# Low Level Understanding using RDD
#### Agenda
* SparkContext
* RDD Creation
* RDD Operations
* RDD Transformations
* RDD Actions

## 1. SparkContext
<hr>
* Main entry point for Spark functionality.
* sc is already created in databricks environment.
* A SparkContext represents the connection to a Spark cluster, and can be used to create RDDs on that cluster.

## 2. RDD Creation
<hr>
* Two ways to create RDD:
  1. **Parallelize Collection** : Convert python collection to rdd.
  2. **External Datasets** : PySpark can create distributed datasets from any storage source supported by Hadoop, including your local file system, HDFS, Cassandra, HBase, Amazon S3, etc.

In [2]:
# Importing libraries
from pyspark import SparkContext, SparkConf
from pyspark.sql import SparkSession
from pyspark.sql import Row

# setting up spark
sc = SparkContext.getOrCreate(SparkConf().setMaster("local[*]"))

spark = SparkSession \
    .builder \
    .getOrCreate()

In [3]:
# creating a dataframe 
df = spark.createDataFrame([Row(id=1, value='value1'),Row(id=2, value='value2')])

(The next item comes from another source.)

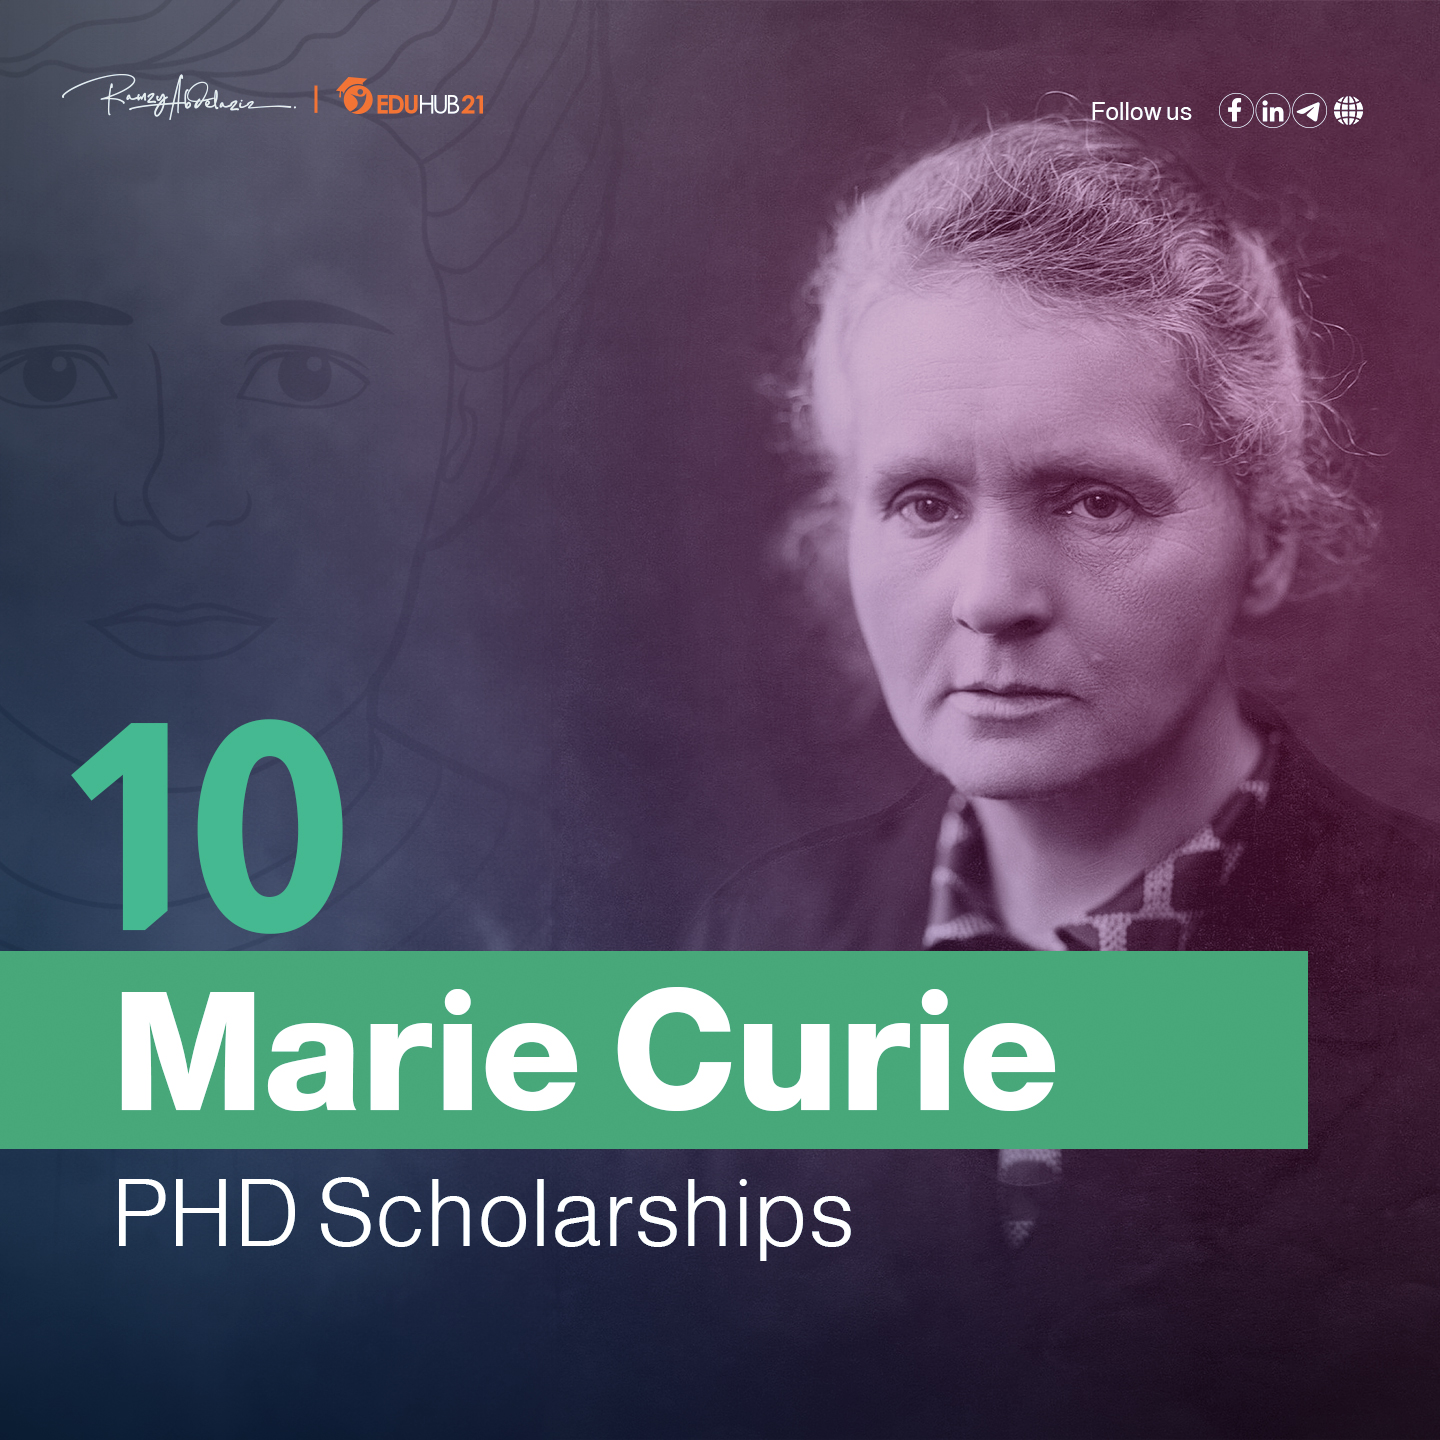 marie curie scholarship phd uk

# let's have a look what's inside
df.show()

# let's print the schema
df.printSchema()

In [4]:
# register dataframe as query table
df.createOrReplaceTempView('df_view')

# execute SQL query
df_result = spark.sql('select value from df_view where id=2')

# examine contents of result
df_result.show()

# get result as string
df_result.first().value

In [5]:
# defining RDD
rdd = sc.parallelize(range(100))
# action 1
rdd.count()

In [6]:
# action 2
rdd.collect()

## 3. RDD Operations
<hr>
* RDDs support two types of operations - transformations & actions.
* Transformations create a new dataset from existing one. 
* Action return value to the driver program after returning a computation on dataset.
* All transformations are lazy, they donot compute result right away.
* The transformations are only computed when an action requires a result to be returned to the driver program.
* Example of transformation - map,filter etc.
* Example of action - count,collect etc.

## 4. RDD Transformations
<hr>
### map(func) 
- Return a new distributed dataset formed by passing each element of the source through a function func.
* Example : Add 10 to all the numbers

In [8]:
# transformation using map
rdd = sc.parallelize(range(10))
rdd = rdd.map(lambda x:x+10)
rdd.collect()

### filter(func)
- Return a new dataset formed by selecting those elements of the source on which func returns true.
* Example : Retain all the even data

In [10]:
# transformation using filter
rdd = sc.parallelize(range(10))
rdd = rdd.filter(lambda x:x%2 == 0)
rdd.collect()

### flatMap(func) 
* Similar to map, but each input item can be mapped to 0 or more output items
* Example : Generate all data (x,x+10,x+100)

In [12]:
# transformation using flatMap
rdd = sc.parallelize(range(3))
rdd = rdd.flatMap(lambda x:[x,x+10,x+100])
rdd.collect()

### Set Operations 
- union
- intersection
- distinct

In [14]:
# initializing 2 RDDs
rdd1 = sc.parallelize(range(10,30,2))
rdd2 = sc.parallelize(range(8,15))
# Intersection operation
print(rdd1.intersection(rdd2).collect())
# Union operation
print(rdd1.union(rdd2).collect())
# Distinct operation
print(rdd1.distinct().collect())

### Working with Key-Value Pairs
* Data present in format [('a',1),('b',2),('c',3),('d',4)]. 'a','b' .. behaves as key & 1,2, .. behaves as values
* groupByKey, reduceByKey, aggregateByKey, sortByKey, combineByKey

In [16]:
#Invoked per partition first time a key appears, d is the corresponding value 
def mystr(d):
    print('In MyStr')
    return d

# 2nd time & onwards for same key in same partition
def myconcat(a,b):
    print('In MyConcat')
    return a + b

#Works across partitions
def mypartConcat(a,b):
    print('In myPartConcat')
    return a + b

rdd = sc.parallelize([("a", 1), ("b", 1), ("a", 2),("a",8),("c",4), ("a", 12),("a",18),("c",14)],2)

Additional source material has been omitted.